In your copy of the data, omit the pictures and keep all else exactly as given.
##### DATA #####
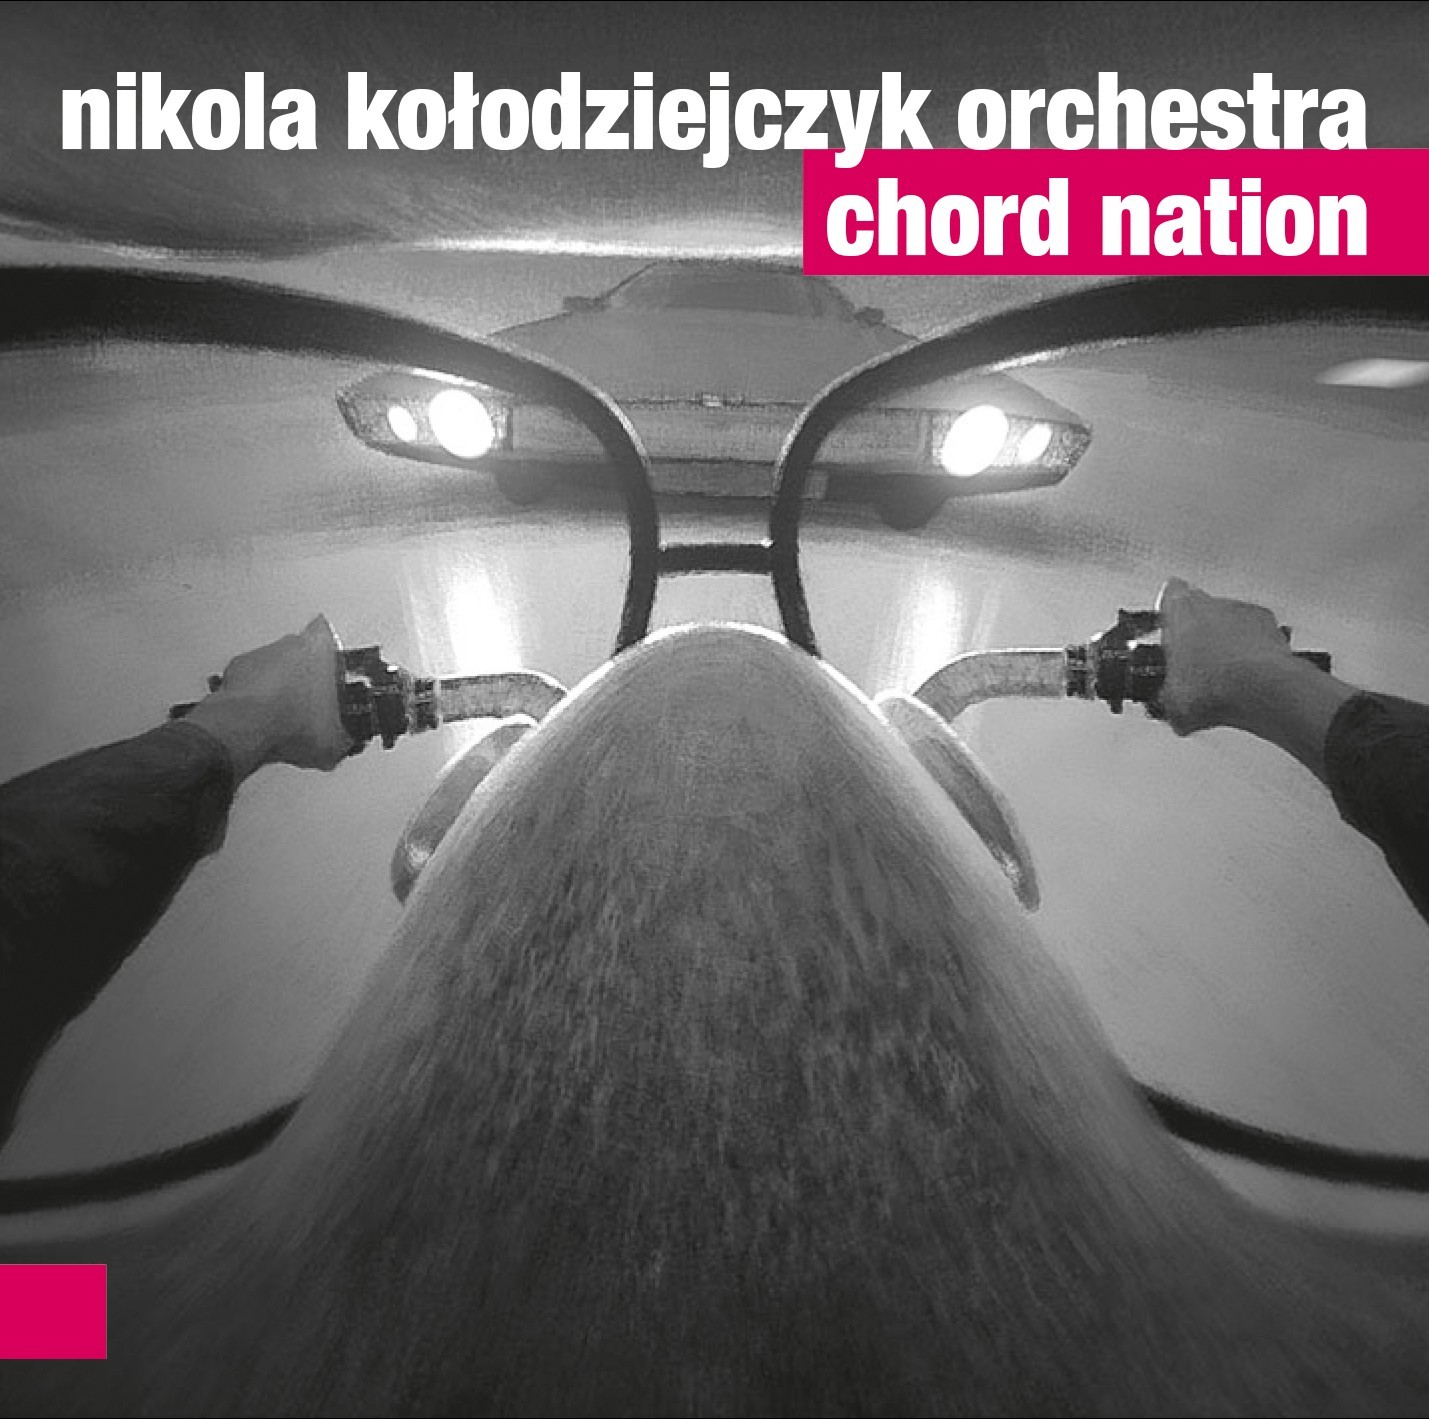 Nikola Kołodziejczyk Orchestra Chord Nation
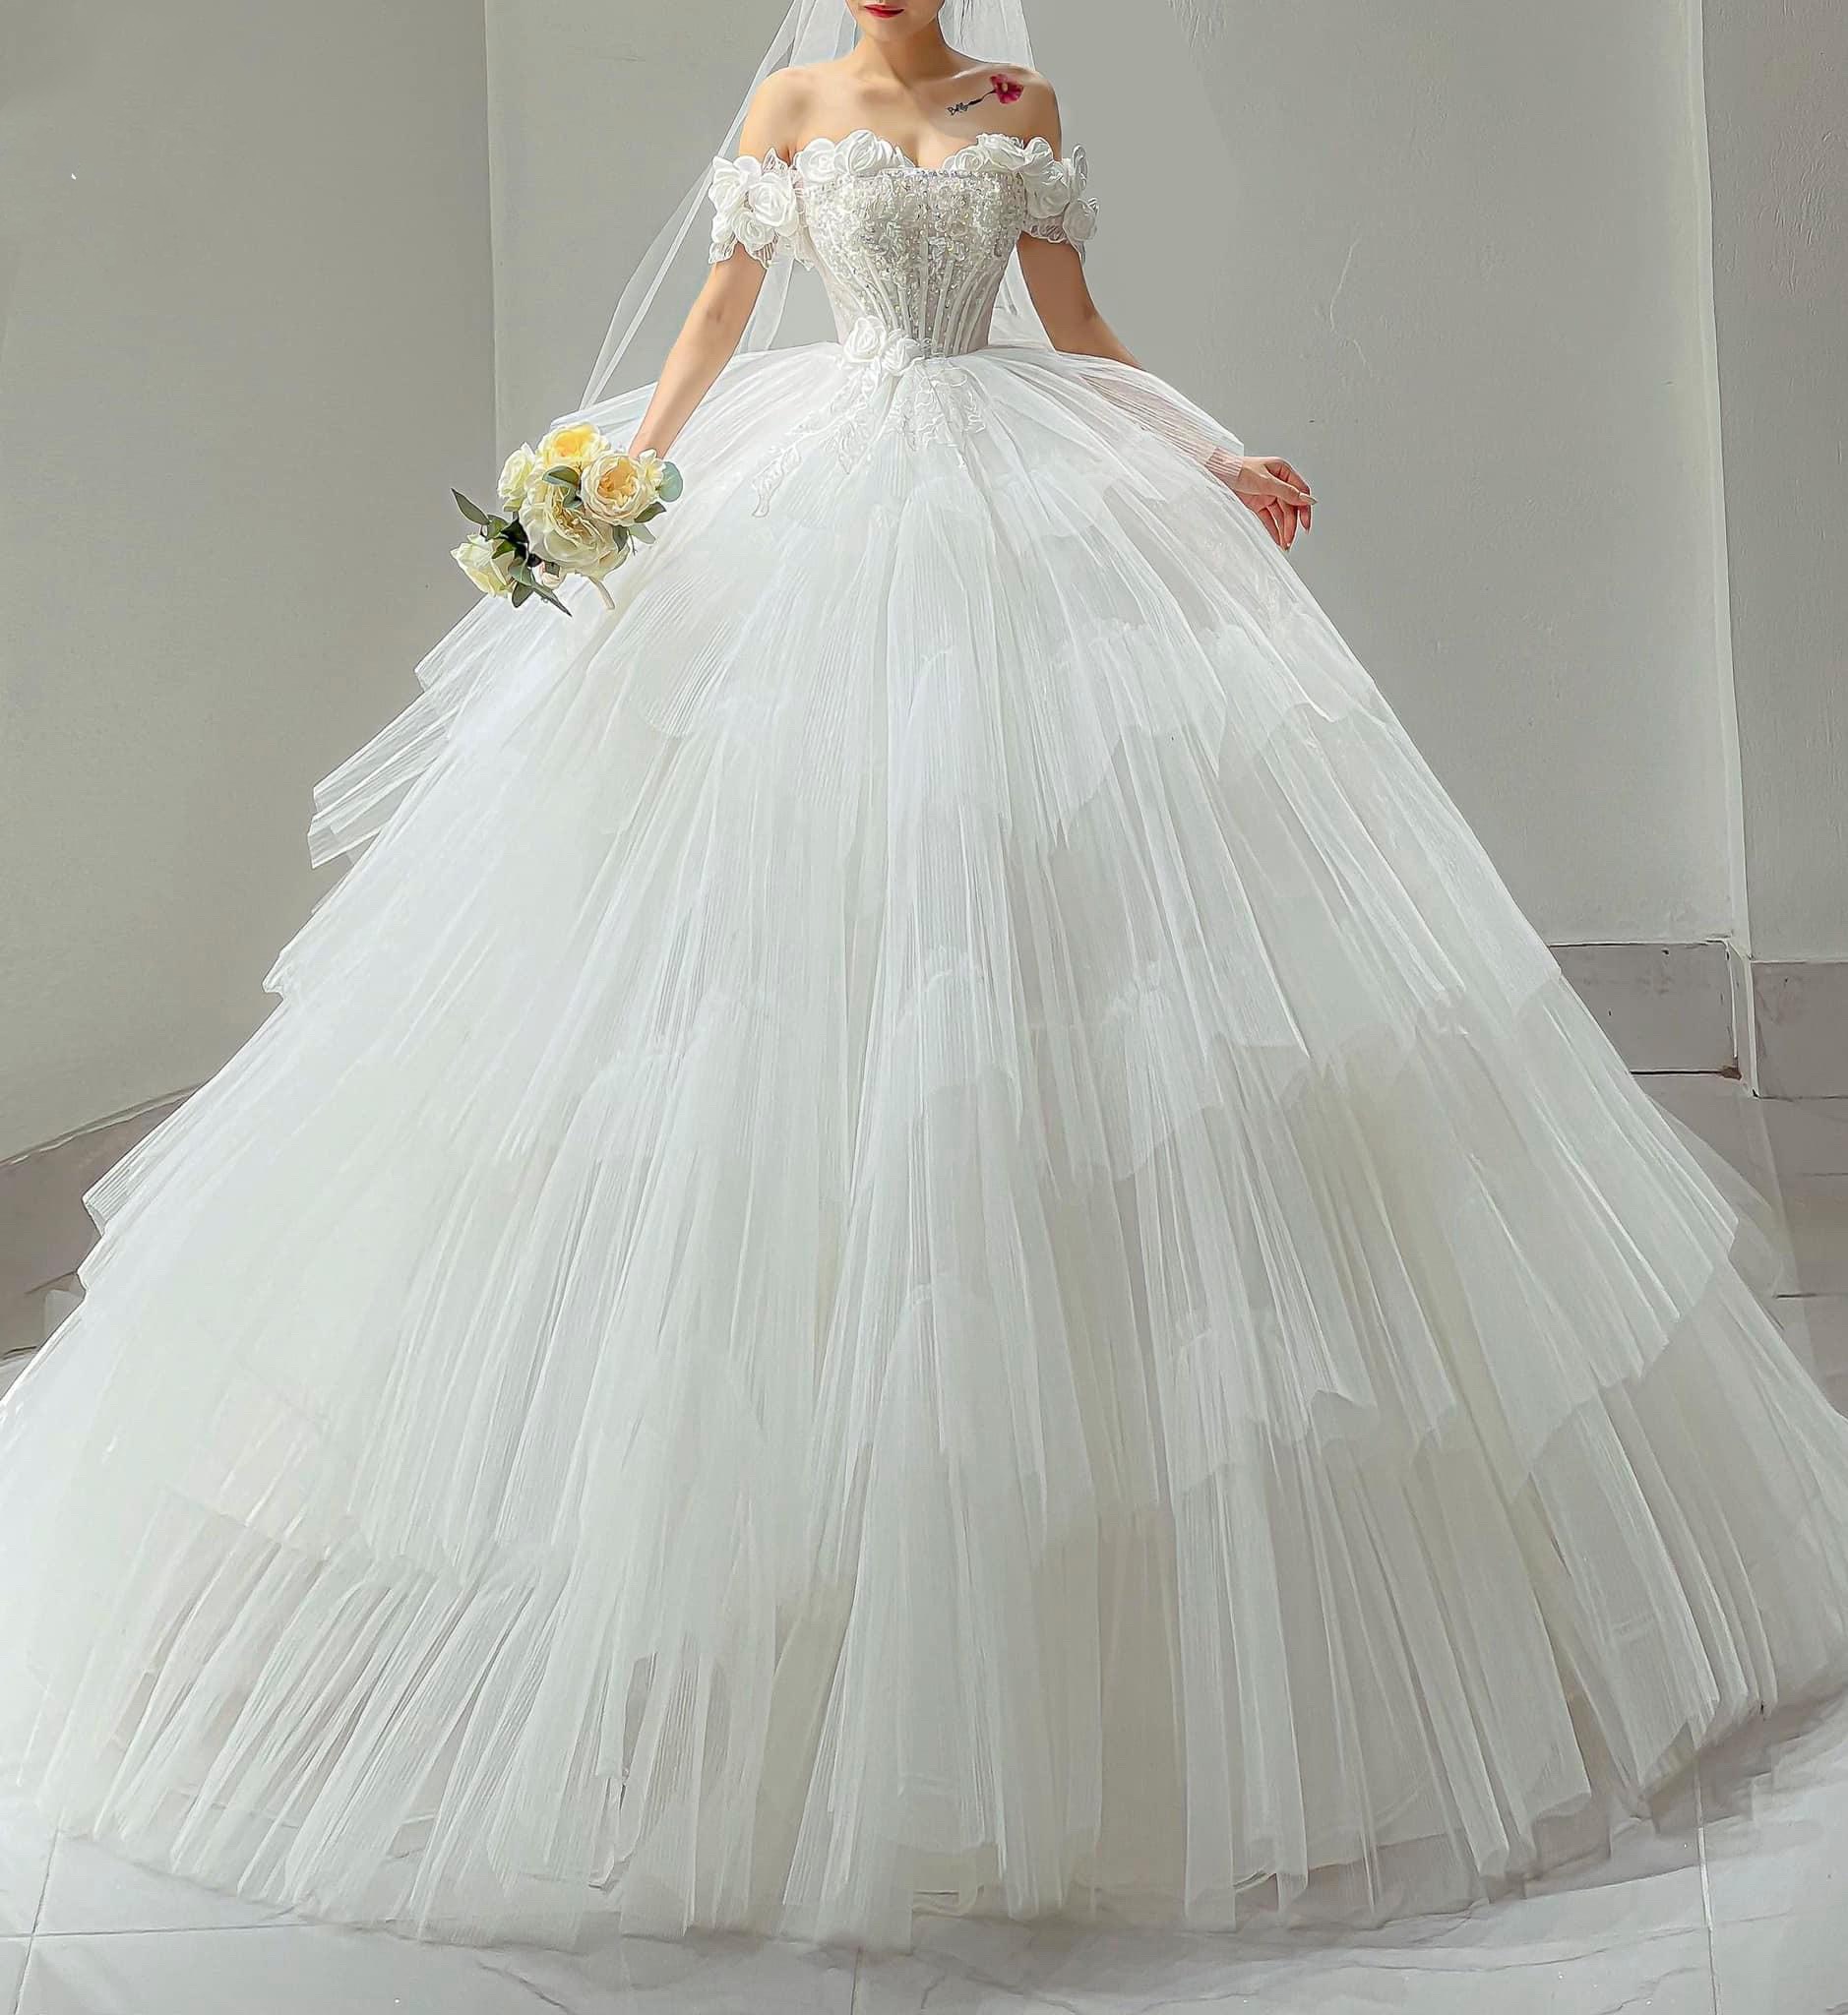 Váy cưới công chúa với chất liệu voan nhẹ nhàng, đơn giản #1105
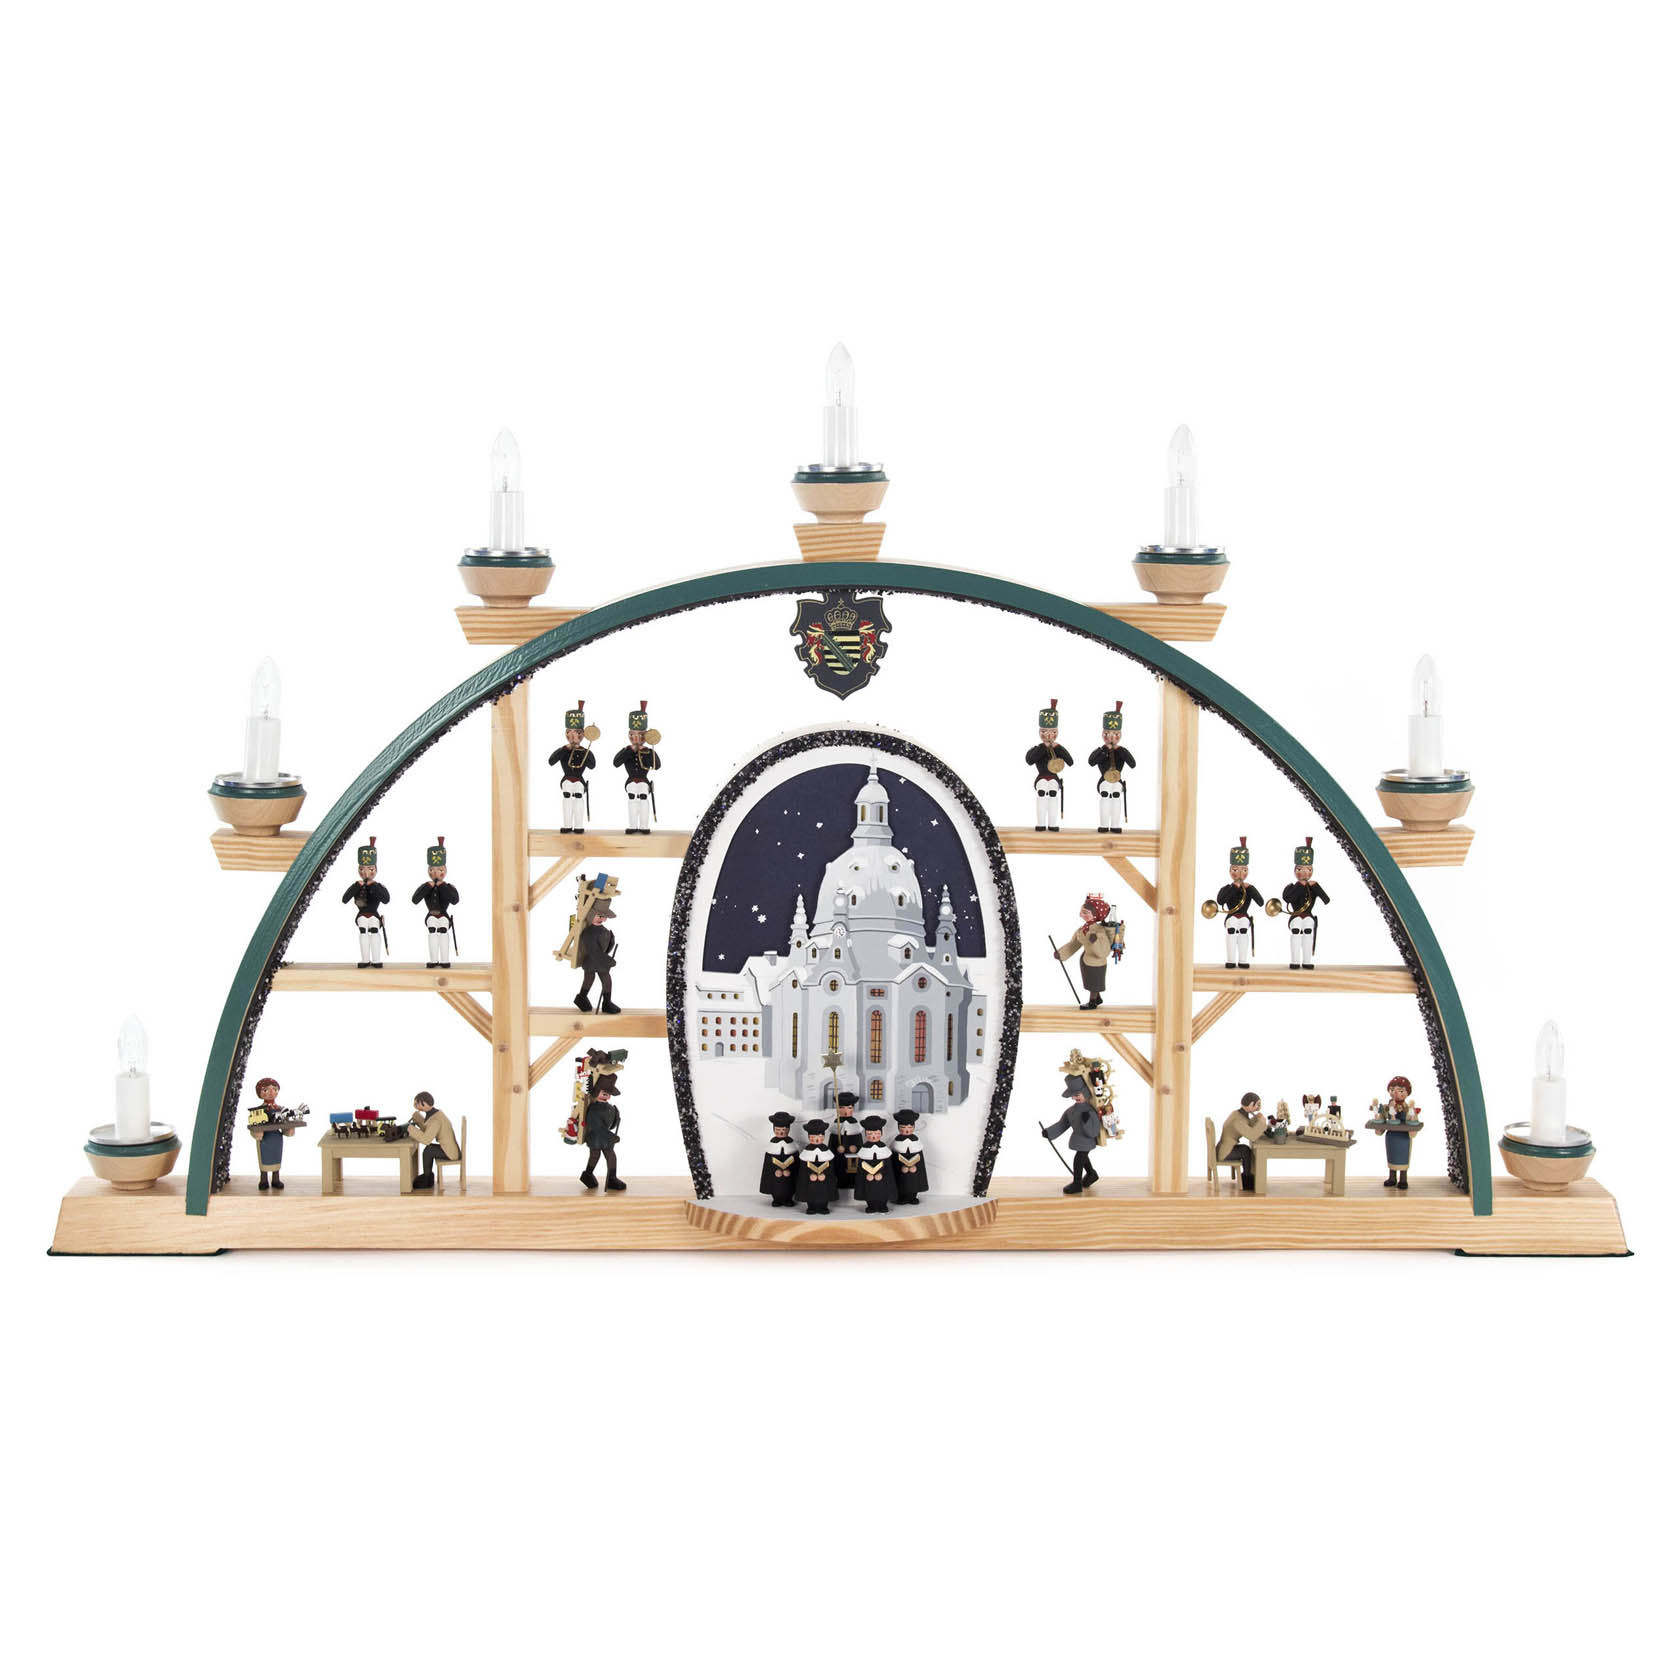 Schwibbogen mit Dresdner Frauenkirche, Kurrende und Erzgebirgsfiguren, elektrisch beleuchtet im Dregeno Online Shop günstig kaufen
#####
- **EXERCISE ANSWER**
 Nikola Kołodziejczyk Orchestra Chord Nation
 Váy cưới công chúa với chất liệu voan nhẹ nhàng, đơn giản #1105
 Schwibbogen mit Dresdner Frauenkirche, Kurrende und Erzgebirgsfiguren, elektrisch beleuchtet im Dregeno Online Shop günstig kaufen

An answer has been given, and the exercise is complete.